I have been working on several side projects on and off since my graduate studies ten years ago. I have mostly worked on blogs, but I also developed language training websites, stock market technical analysis software, and online time management and life planning courses.
In this post, I’m going to share some of the lessons I have learned from these side projects.
We all have time.
We all have time in our daily lives. The question is what we do with it.
I have wasted some serious time on social media, watching YouTube, and hanging out. I have also invested some serious time on my side projects. If I could go back in time, I would minimize the first and maximize the second.
When I look back at the last 20 years of my life, it’s not the time that I have wasted that gives me satisfaction and fulfillment. It’s the time that I have used constructively that gives me satisfaction and fulfillment.
Those little time wasting temptations leave me with an empty feeling afterwards.
For your own emotional well being, do yourself a favor and do something useful with your spare time.
In order to create something useful and get some benefits from your side projects, you need to invest at least one hour every day. There’s no way around that.
If you look at your daily schedule carefully, you can carve out at least one hour of uninterrupted working time.
Once you get into the habit of working on your side project every day, it gets easier. You even miss it if you don’t work on it for a day or two.
Nowadays, I feel anxious if I don’t do something useful for too long. It feels like I’m wasting my precious time even if I don’t do anything useful for an afternoon on a weekend day. I feel like, I have to go back to work.
The best way to cultivate consistency is to create some kind of accountability to others. You show up every working day at your job because you’re accountable to your boss.
You might slack off on your side project, if you aren’t accountable to anyone.
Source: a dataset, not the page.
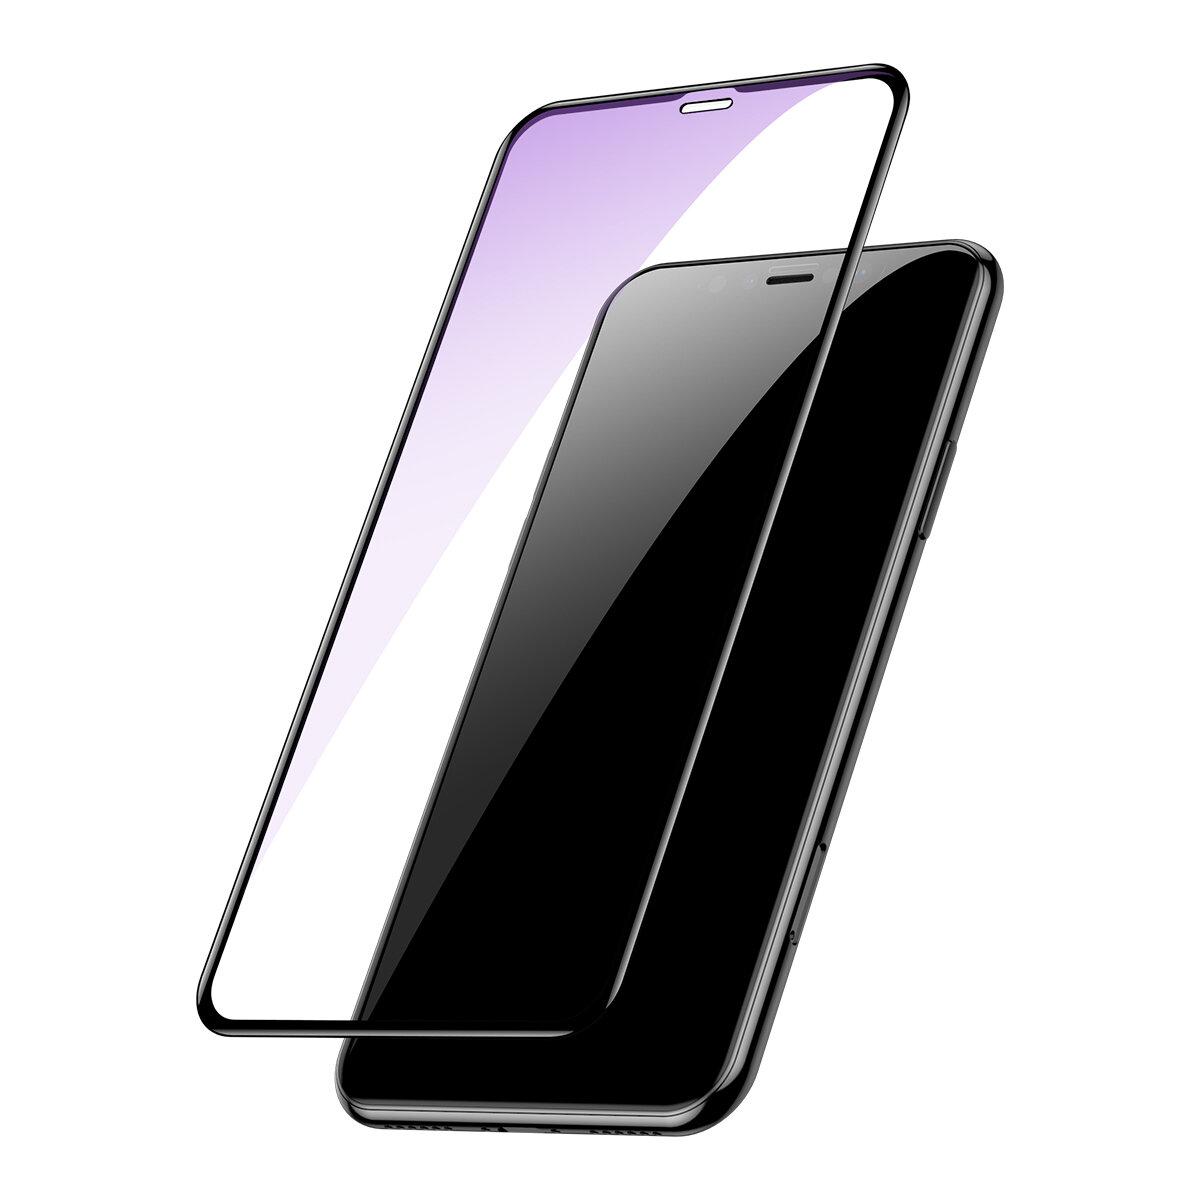 Baseus 0.2mm Full Screen Arc Surface Clear / Anti Protector de pantalla de vidrio templado con luz azul para iPhone XS Max / iPhone 11 Pro Max

That’s why I made a commitment to publish a blog post per day. I don’t have the luxury to slack off, because everyone would see that I do so.
Accountability is rather difficult with side projects where you don’t report to someone every day. You can overcome that obstacle, by creating an online mastermind group and posting in bullet points what you have done that day.
It is inevitable that you run out of your initial enthusiasm. If you’re investing money into your side project, you might also run out of funds. In either case, it’s important to take into account the sustainability of your side project.
You need to find ways to stay in the game until the payoff day and go through those dips. That is achieved by motivating yourself with extremely close targets. At this moment, I track weekly follower and subscriber growth goals to achieve that.
Focus on What Matters
In order to keep your side project sustainable, you need to focus on a few action items that serve your targets and let go of everything else. With your limited resources, you don’t have the time or money to invest in nice to have features.
If an idea doesn’t directly serve your target, let it go, no matter how fancy it is. That’s a great lesson to run a business. It’s a lesson that you learn from a side project, because you usually have the time and money to implement those fancy ideas when you’re running a business full time.
My Lean Working Routine
In my current project, I focus on the following tasks to reach my 10% weekly follower and subscriber growth target.
- Publish a blog post every day.
- Send an email newsletter every week.
- Interact with my readers via comments, emails, Medium responses, and Twitter.
- Interact with my mastermind group.
- Make a single strategic change on my website every week.
That’s an extremely lean to-do list, if you take into account all the things you can do with a blog.
Determine the Most Strategic Change at a Given Time
I choose a strategic change based on my target, my Google Analytics, and heatmap.me results.
After failing my weekly email newsletter subscriber growth target, I checked the heat map of the landing page. I realized that some people clicked the links around the subscription box.
I removed the links around the subscription box and added a line about the no spam and one-click unsubscribe policy. That was all the changes I made in a single week.
How to Use Analytics Data
You can spend a lot of time looking at data from your email newsletter, Google Analytics, and heat maps, but it comes down to what you do with that data. Is your data actionable?
At a certain point, I realized that the page that was clicked the most as the second page was a category page. When I went to that page, I realized that it wasn’t optimal and had some bugs in it. I optimized it and removed the bugs. That way, I lose less visitors on those category pages.
Another simple change I made was to use smaller versions of the pictures in my blog posts instead of the medium sized ones. I got that tip from Google’s Test My Site tool.
This all comes down to resource allocation.
If I can do one strategic change per week what would it be?
I try to find the answer to that question every week and execute it in the weekend when I have more time. That question is a lesson learned from working on side projects, but it will serve you well in your full time business as well.
If you look at your daily life carefully, you’ll figure out that you have at least one hour that you can use productively on a side project.
The secret to succeed on a side project is to work on it consistently, every day for at least one hour. The best way to motivate yourself to do that is to create some accountability to others. If you don’t post every day, create an online mastermind group to do that.
Sustainability is a great lesson that side projects teach us that we can use in our full time businesses as well. It comes down to focusing on what matters and letting go of everything else.